Регина слишком поздно поняла, что поступает сейчас так же глупо, как совсем молодой стервятник, который поспешными криками приманивает своих соплеменников и вынужден разделить с ними свою добычу.
Она позволила своей фантазии загнать себя в такую пропасть, из которой невозможно было выбраться целым и невредимым. Из прекрасной игры со слушателем, который никогда не отвечал и, следовательно, всегда давал правильный ответ, получилась действительность с ухмыляющейся рожей. А она напомнила о ссорах родителей, которые теперь повторялись так же регулярно, как вой гиен в ночном Ол’ Джоро Ороке.
Еще тогда Регина поняла, что слово «Германия», как только отец произносил первый слог, приносило заботы и огорчения.
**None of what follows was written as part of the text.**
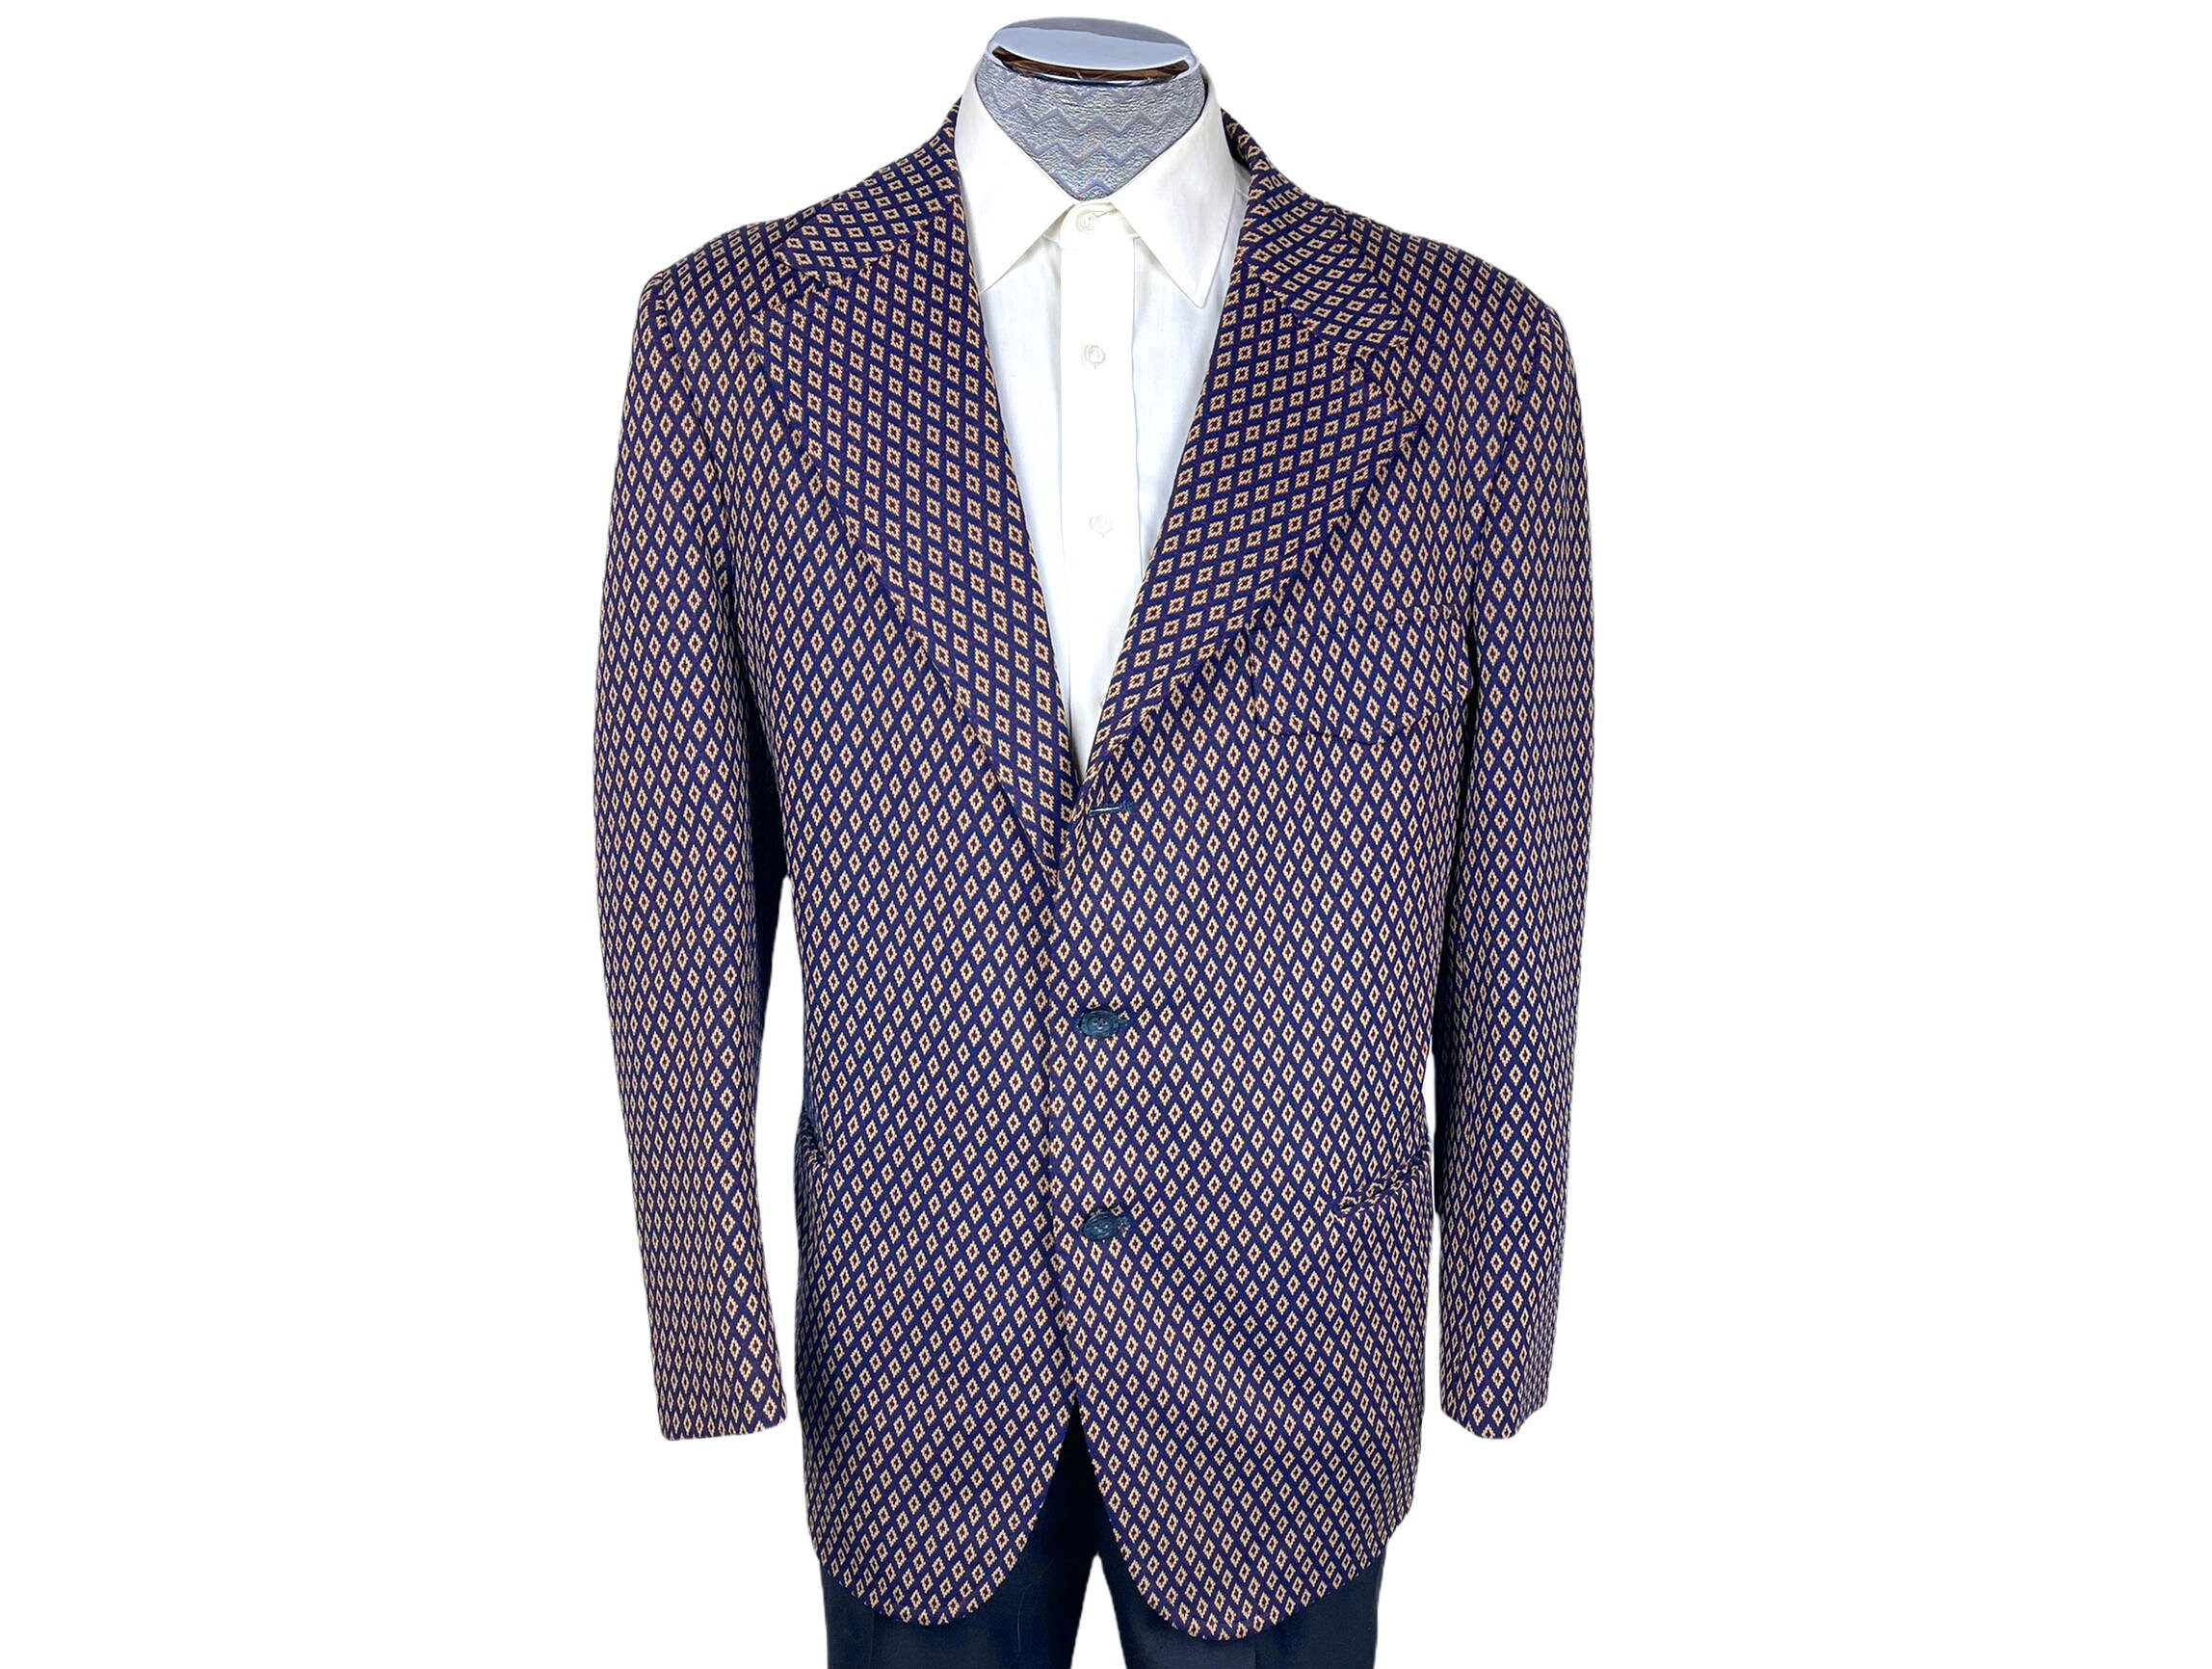 Vintage 1970's  Men's Sports Jacket Blue Plaid Polyester Double Knit Size 40 L
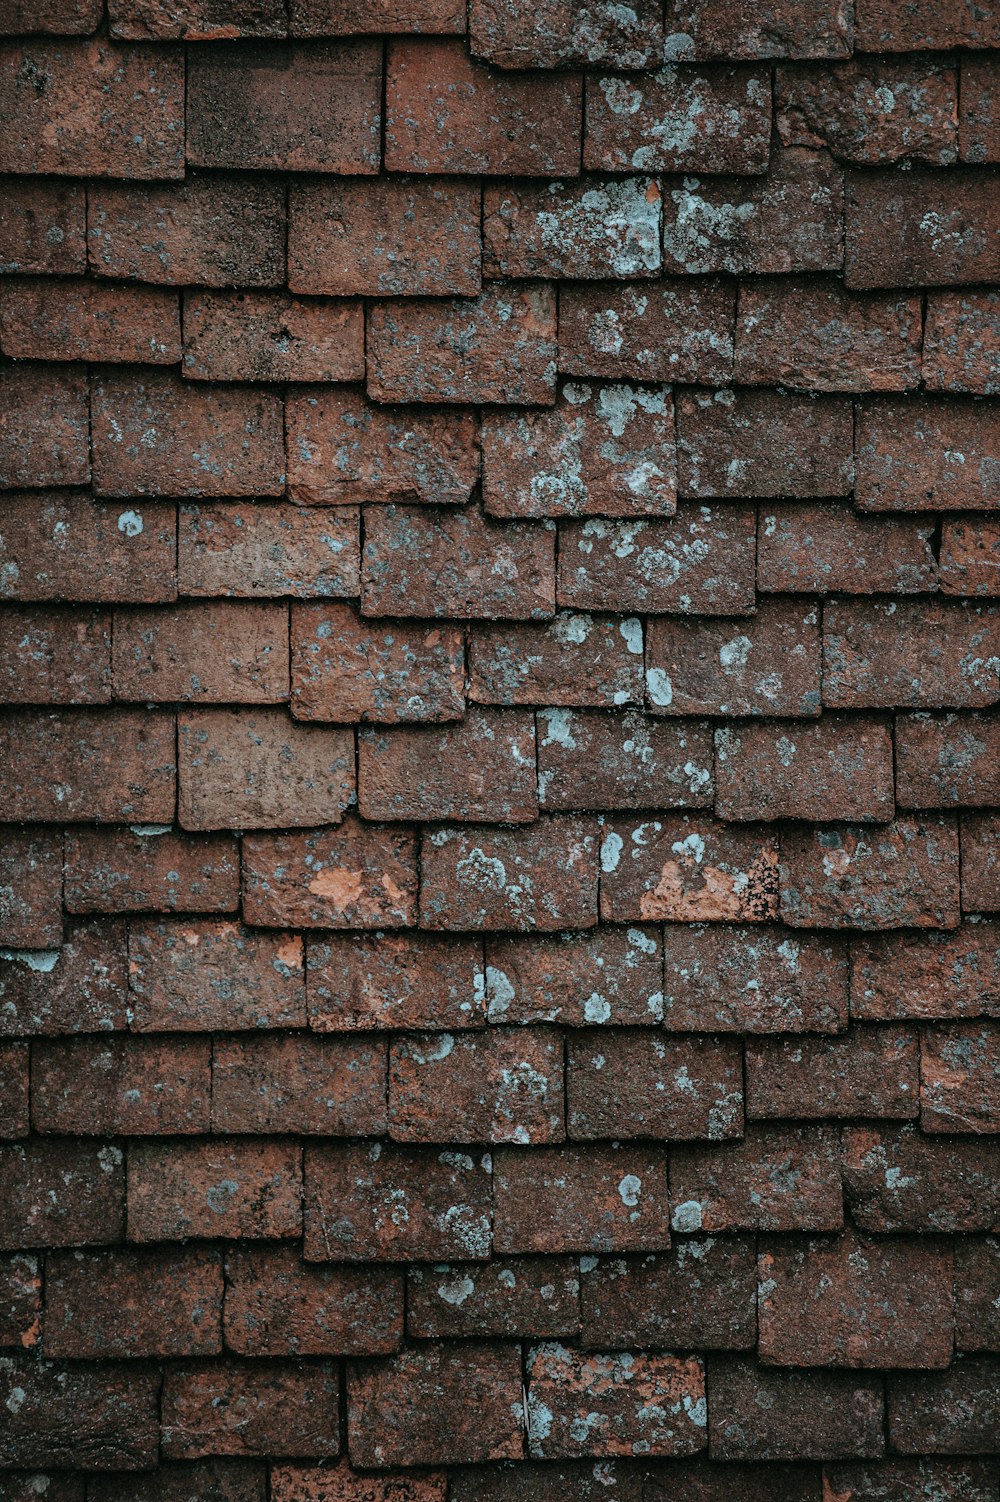 Photographie en gros plan de briques de béton brun et gris

Но с некоторых пор «Германия» стала для всех угрозой более страшной, чем все непонятные слова, которых Регина научилась бояться, когда была ребенком. Если она не успевала вовремя закрыть уши до начала беспощадной войны между родителями, то они все время слышали о прощании, которое представлялось ей еще болезненнее, чем прощание с фермой, которую она никак не могла забыть, несмотря на все усилия и свое обещание Мартину.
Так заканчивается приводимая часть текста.